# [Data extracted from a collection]

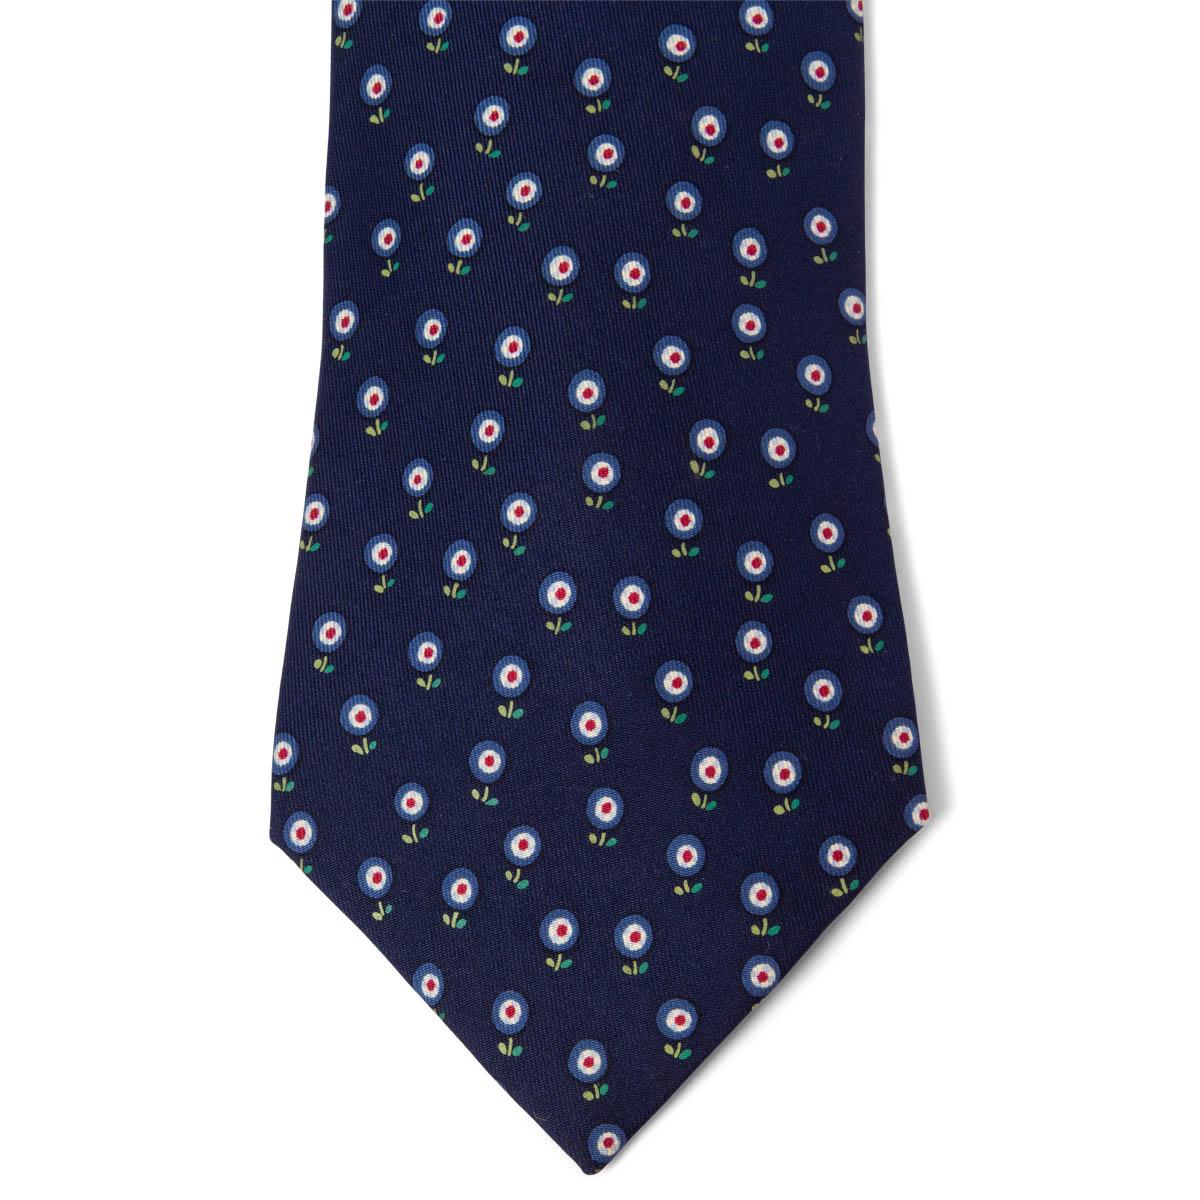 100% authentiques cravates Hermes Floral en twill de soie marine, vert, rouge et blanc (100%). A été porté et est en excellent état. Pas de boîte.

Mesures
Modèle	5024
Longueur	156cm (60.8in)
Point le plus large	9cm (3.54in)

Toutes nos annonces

# [Task directions]
Would you write out each entry word for word and omit the images?

# [Answer section]
 100% authentiques cravates Hermes Floral en twill de soie marine, vert, rouge et blanc (100%). A été porté et est en excellent état. Pas de boîte.

Mesures
Modèle	5024
Longueur	156cm (60.8in)
Point le plus large	9cm (3.54in)

Toutes nos annonces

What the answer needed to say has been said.